I’m fairly new to the issue of climate change, and even newer to the politics surrounding it. I’ve spent the past two years reading about climate change causes, impacts, projections, myths, media blunders, and public misconceptions.

I knew that vested interests, such as the fossil fuel industry and political lobby groups, had played a part in the widespread public confusion. However, I naively assumed that they had simply taken advantage of said confusion – that the public was already unsure, so the vested interests decided to jump in and prolong it.

How wrong I was. How very, very wrong I was, as Jim Hoggan and Richard Littlemore proved to me in their new book, Climate Cover-Up.

Example after example, and story after story, showed that vested interests didn’t just take advantage of public confusion surrounding climate change. They created it. They deliberately constructed the so-called “debate” in an effort to – what? Earn more money? Fight socialism?

Take the Information Council on the Environment, one of the first climate change lobby groups. They were established in 1991, right after governments first started to respond to climate change – Thatcher, Bush Sr, and Mulroney all made promises to reduce emissions. The ICE flat-out stated that their objective was “to reposition global warming as a theory (not fact)” and “to supply alternative facts to support the suggestion that global warming will be good”.

The American Petroleum Institute was even more blatant. A leaked email contains a list of objectives for their PR campaigns:

Victory Will Be Achieved When

-Average citizens “understand” (recognize) uncertainties in climate science; recognition of uncertainties becomes part of the “conventional wisdom”

-Media “understands” (recognizes) uncertainties in climate science

-Media coverage reflects balance on climate science and recognition of the validity of viewpoints that challenge the current “conventional wisdom”

-Industry senior leadership understands uncertainties in climate science, making them stronger ambassadors to those who shape climate policy

-Those promoting the Kyoto treaty on the basis of extant science appear to be out of touch with reality.

Everything that we’ve been bemoaning for years now. Misplaced public doubt, artificial balance in the media, Bush and Harper’s ties to the oil industry. It didn’t just happen by accident.

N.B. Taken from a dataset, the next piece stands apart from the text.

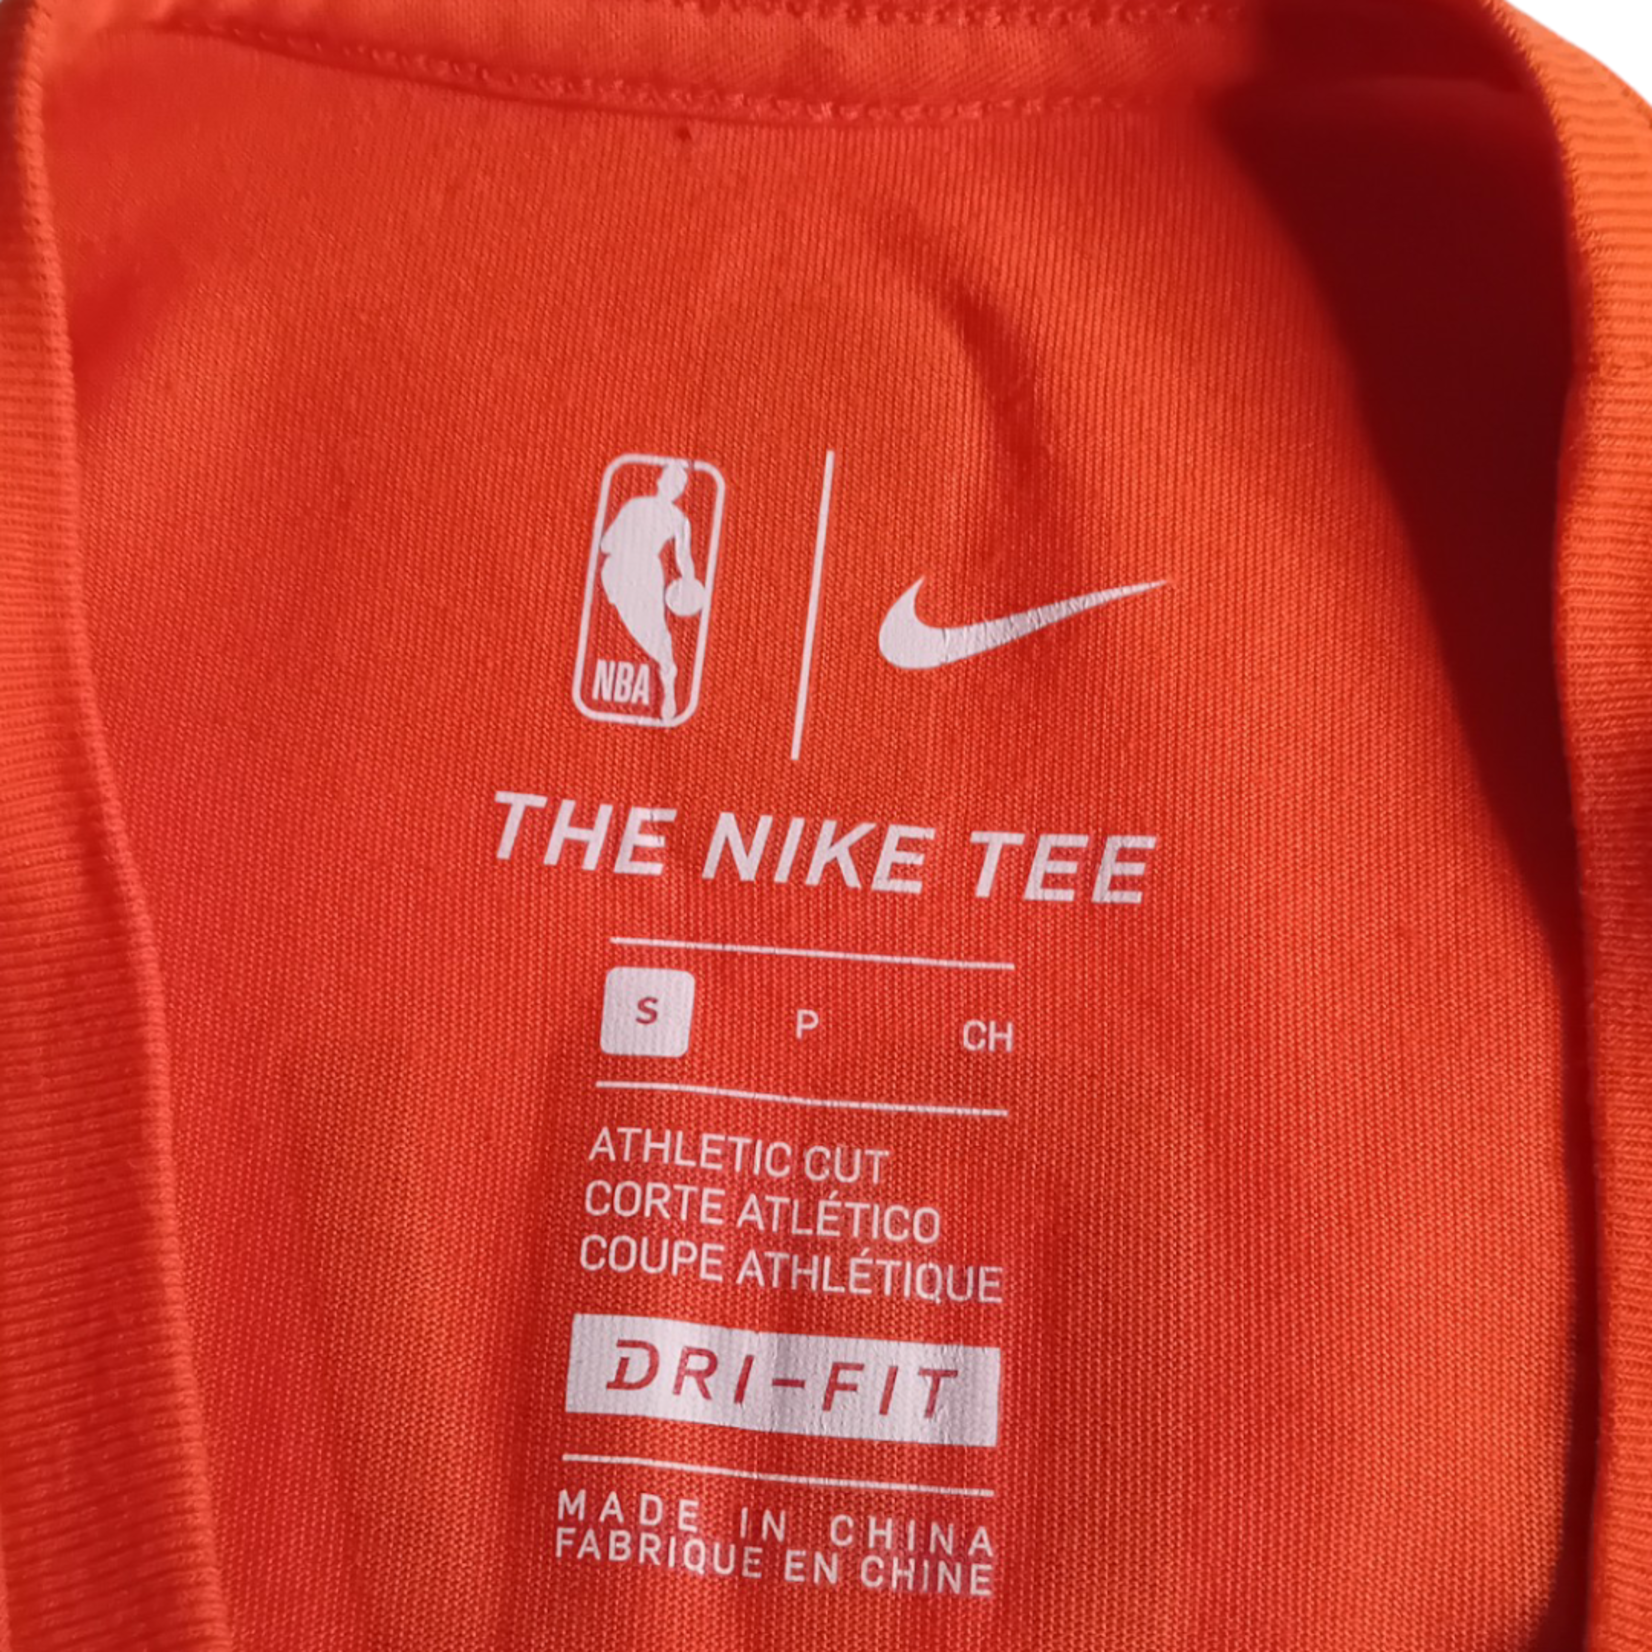 Nike Origineel Nike vintage NBA basketbal shirt Cleveland Caveliers

The email goes on to discuss strategies to achieve these objectives, including plans to produce and distribute “a steady stream of op-ed columns and letters to the editor” doubting climate change. So all those skeptical editorials in the popular press might not be written by journalists that have been taken for a ride. They might actually be by people with ties to lobby groups like the American Petroleum Institute.

You could look at Frank Luntz’s plans to capitalize on uncertainty. Or the American Enterprise Institute’s offer of $10 000 to any scientist who wrote a critique of the IPCC. Or how The Great Global Warming Swindle, a documentary oft-cited by YouTubers, creatively took statements from its interviewees out of context.

Climate Cover-Up made me so angry. I remember not being able to fall asleep the night I finished it. Then telling everyone I could about it. I had been immersed in the issue of climate change for two years, and yet I had failed to grasp the scope of vested interests’ influence on the public.

Many of our readers, who have been following this issue for years, are probably familiar with the stories and examples in the book. There isn’t anything in it that will be new to everyone.

But that wasn’t the book’s purpose, and climate scientists aren’t the book’s audience. Rather, Climate Cover-Up is aimed at those just becoming interested in climate change politics. It’s aimed at people who are unaware of the near-constant misinformation thrown at them, who are new to the immense power of money and industry over science and truth, who wouldn’t think to check the citations of editorials. It’s aimed at people like I was, two years ago.

I must also note that Climate Cover-Up is substantially easier to read than most books about climate change. The prose is witty and easy to follow. It doesn’t talk about science. It feels nothing like a textbook.

I’d like everyone in the world to read this book. But truthfully, I’d rather that it hadn’t needed to be written at all.